• [WORK INSTRUCTIONS]
Before copying, set the images aside; then transcribe every entry below exactly.

[GIVEN INFORMATION]

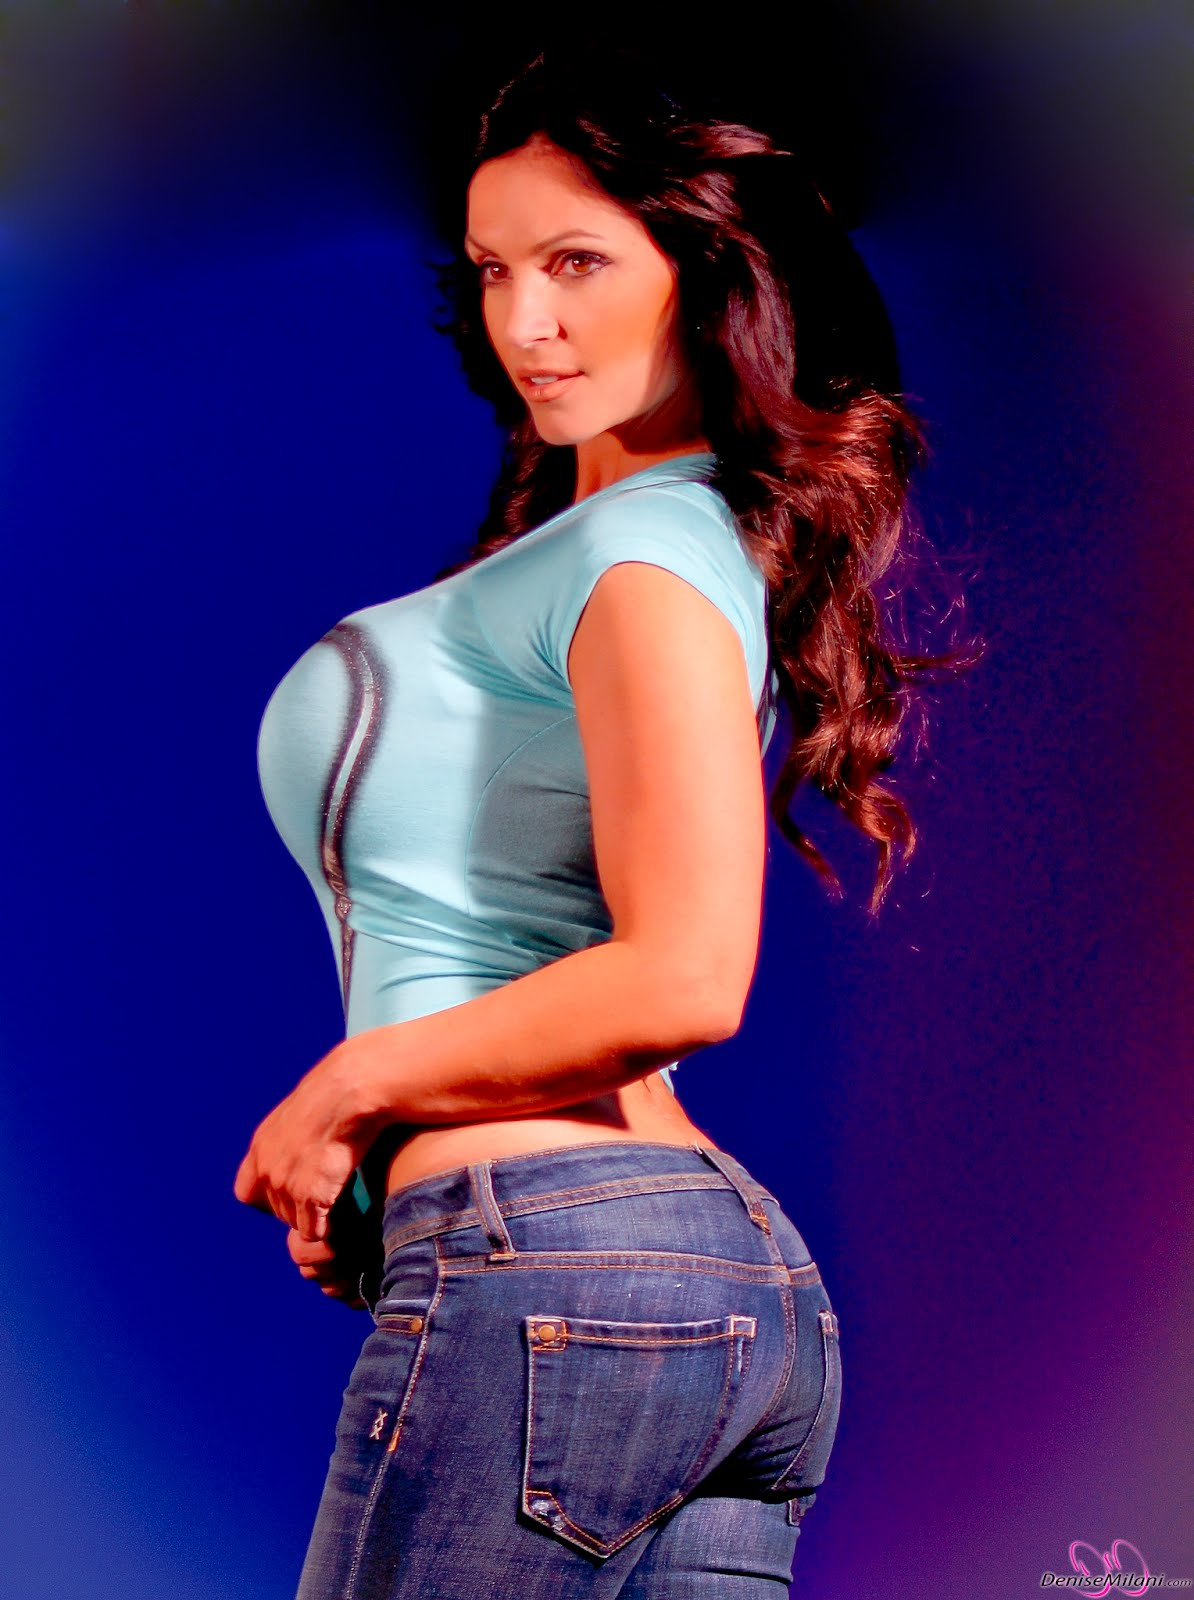 denise milani blue dress - photo #5
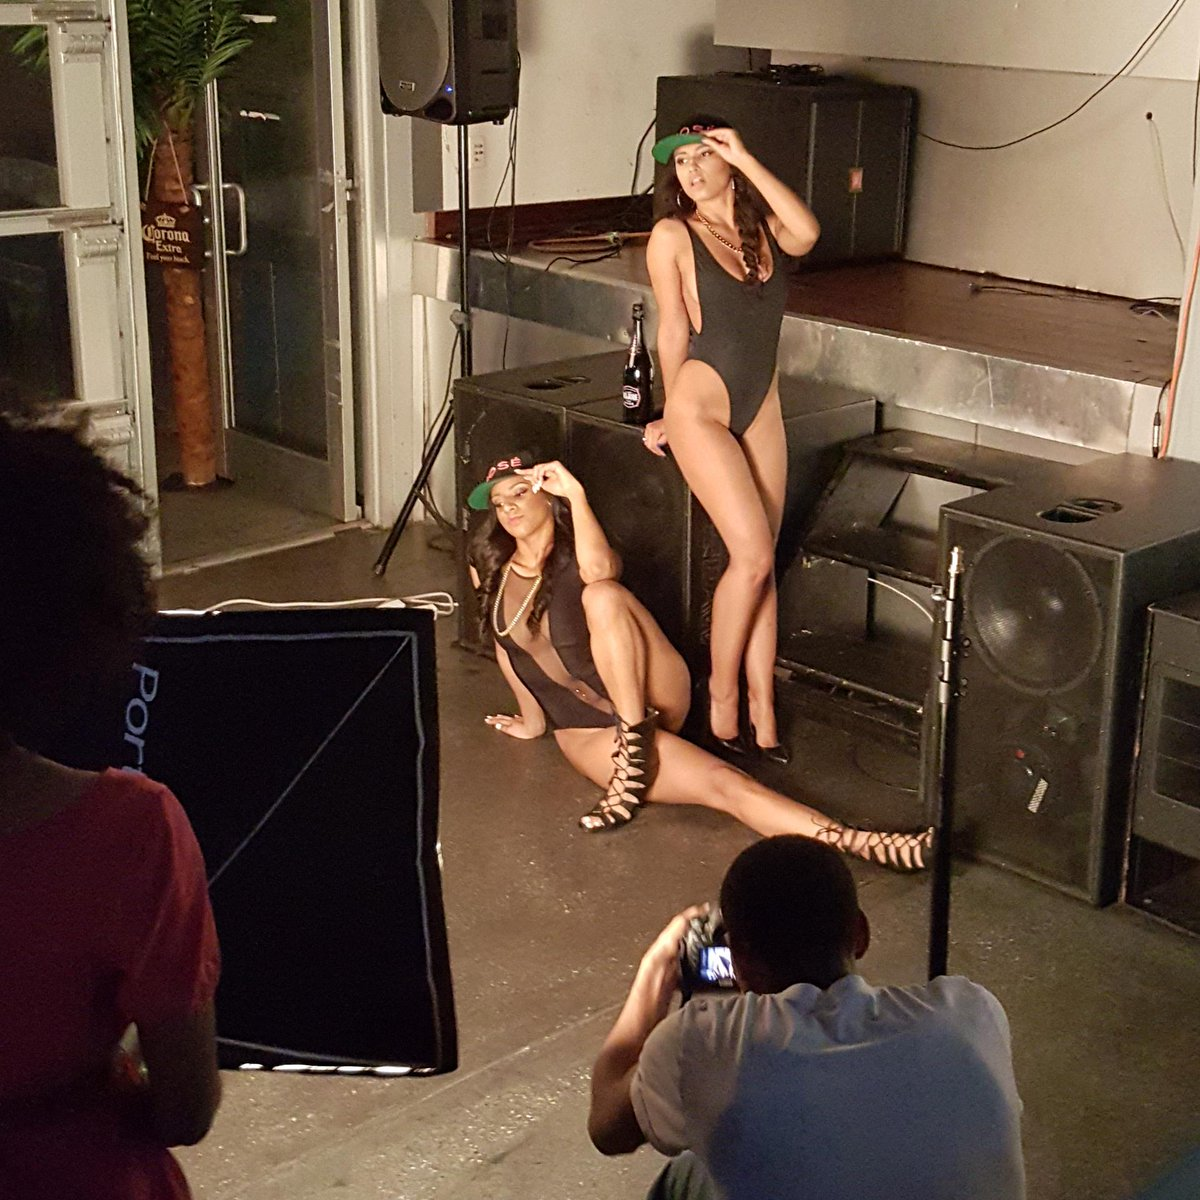 #BlackBottleGirls photoshoot http://t.co/6zwijc2tQd
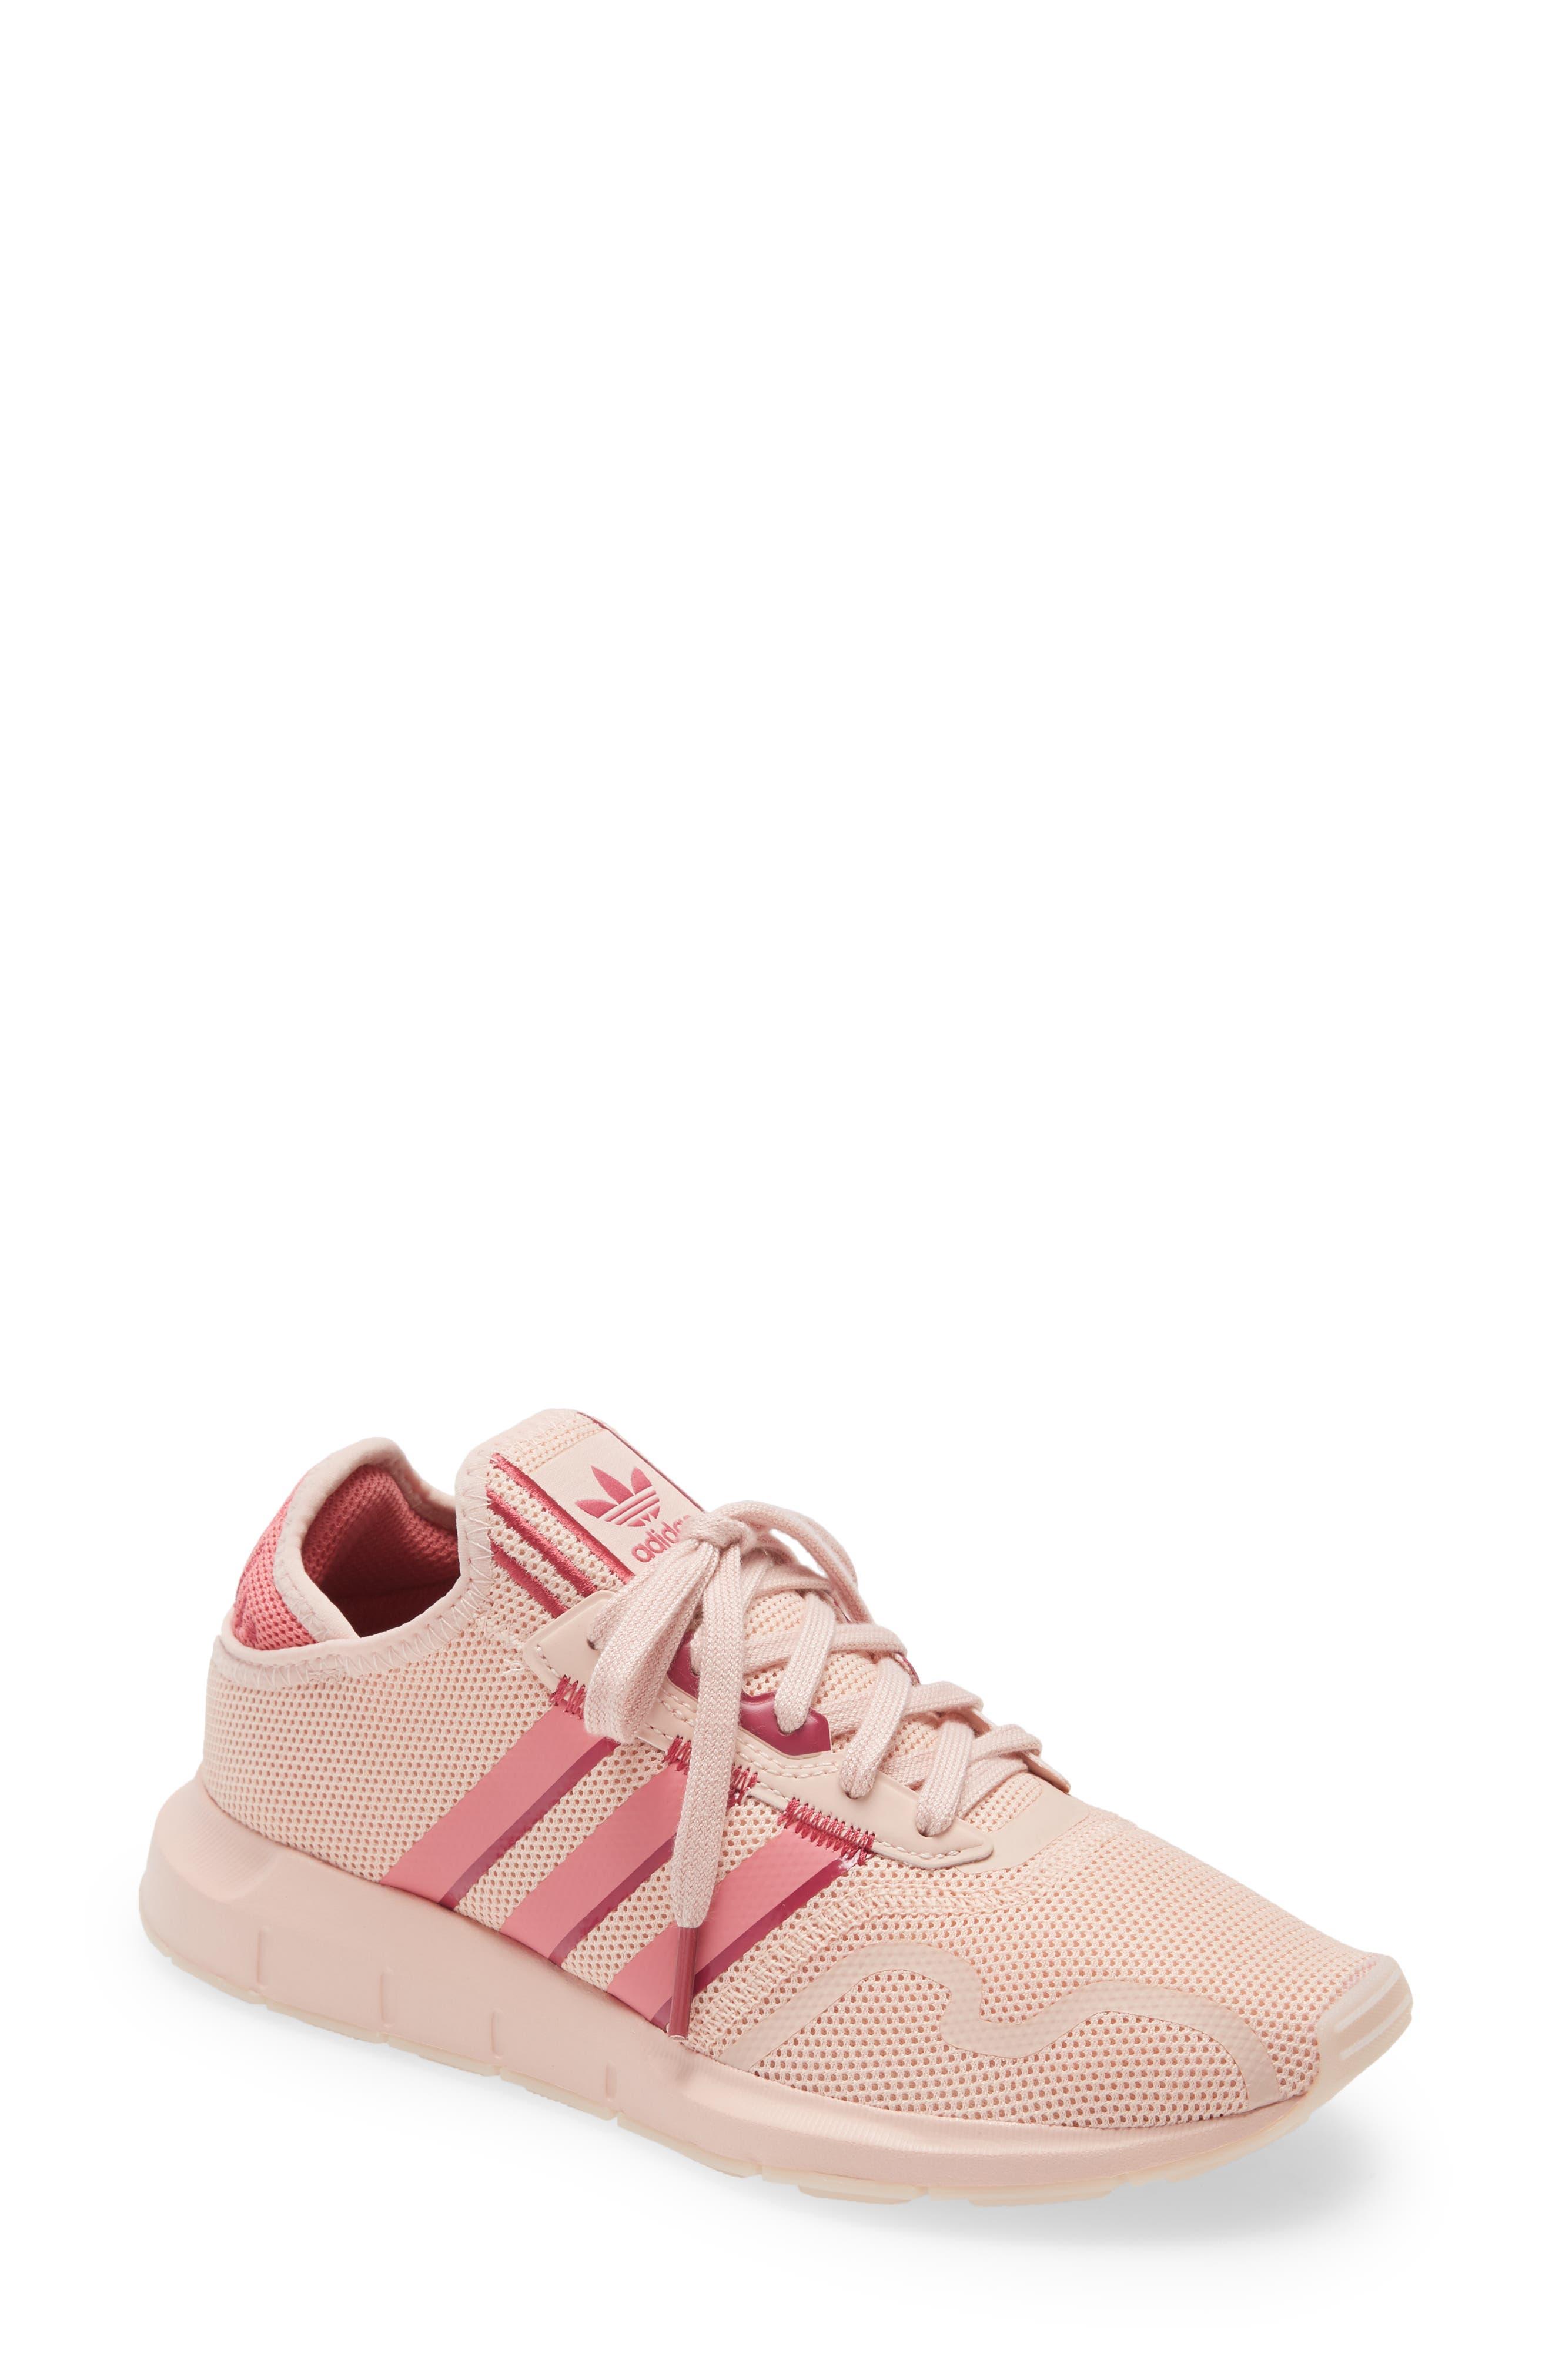 Pink Adidas | Nordstrom
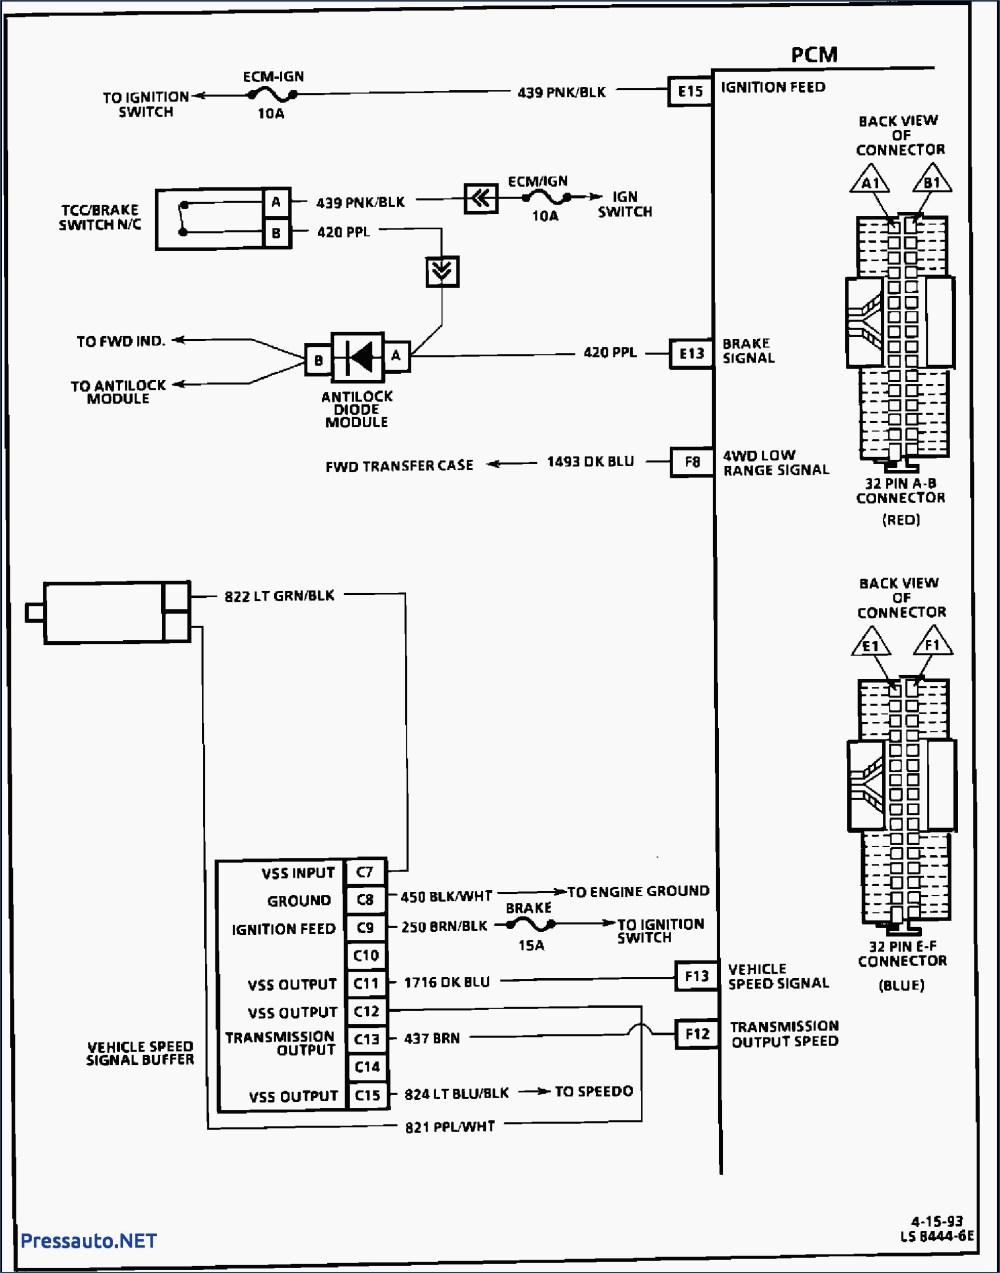 medium resolution of 1992 4l80e wiring diagram wiring diagram1992 4l80e wiring diagram wiring diagram database4l80e wiring diagram 20 10
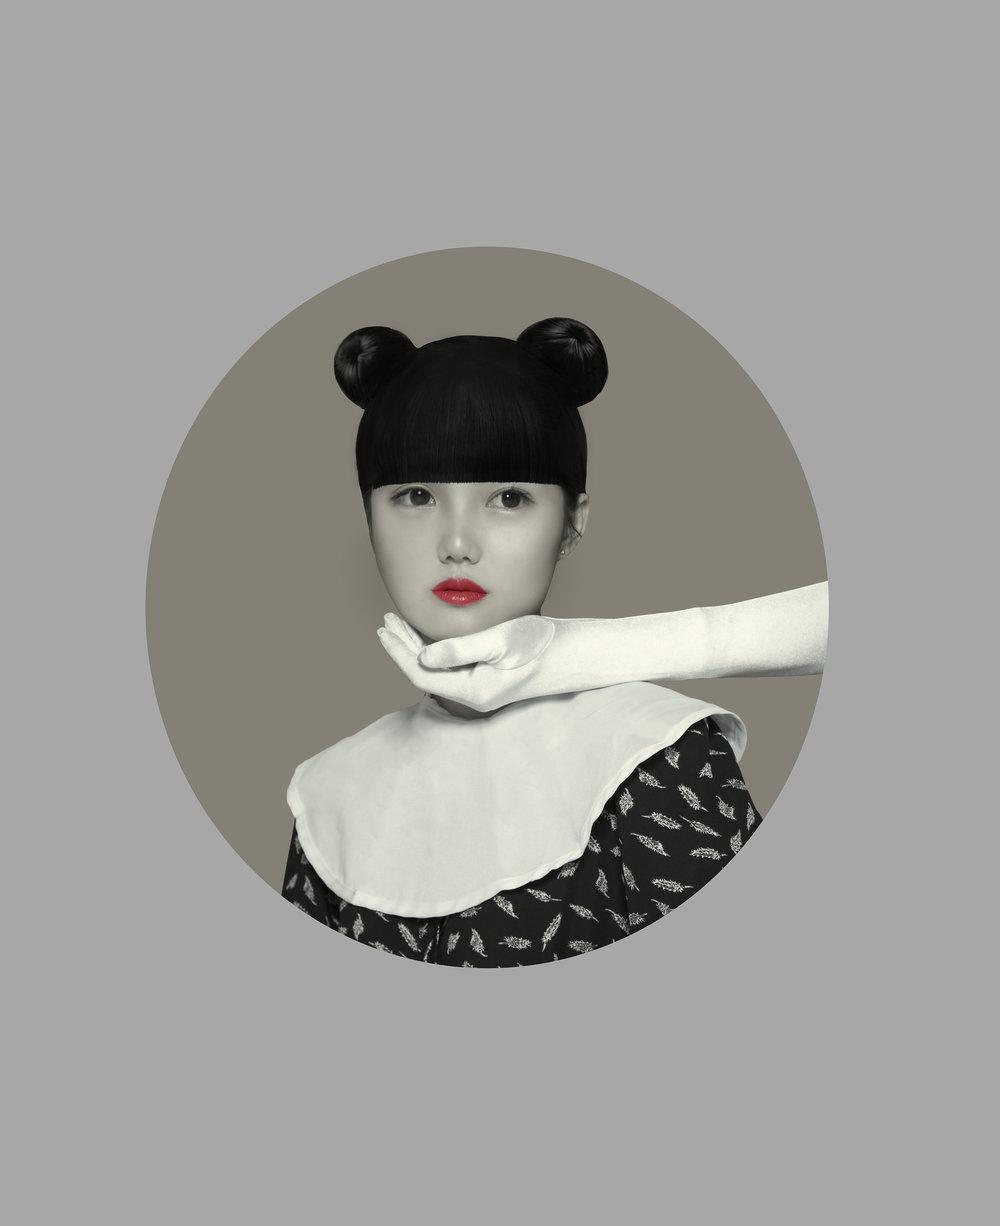 girl with red lips hailun ma.jpg

[/GIVEN INFORMATION]

• [FINISHED TASK]
 denise milani blue dress - photo #5
 #BlackBottleGirls photoshoot http://t.co/6zwijc2tQd
 Pink Adidas | Nordstrom
 medium resolution of 1992 4l80e wiring diagram wiring diagram1992 4l80e wiring diagram wiring diagram database4l80e wiring diagram 20 10
 girl with red lips hailun ma.jpg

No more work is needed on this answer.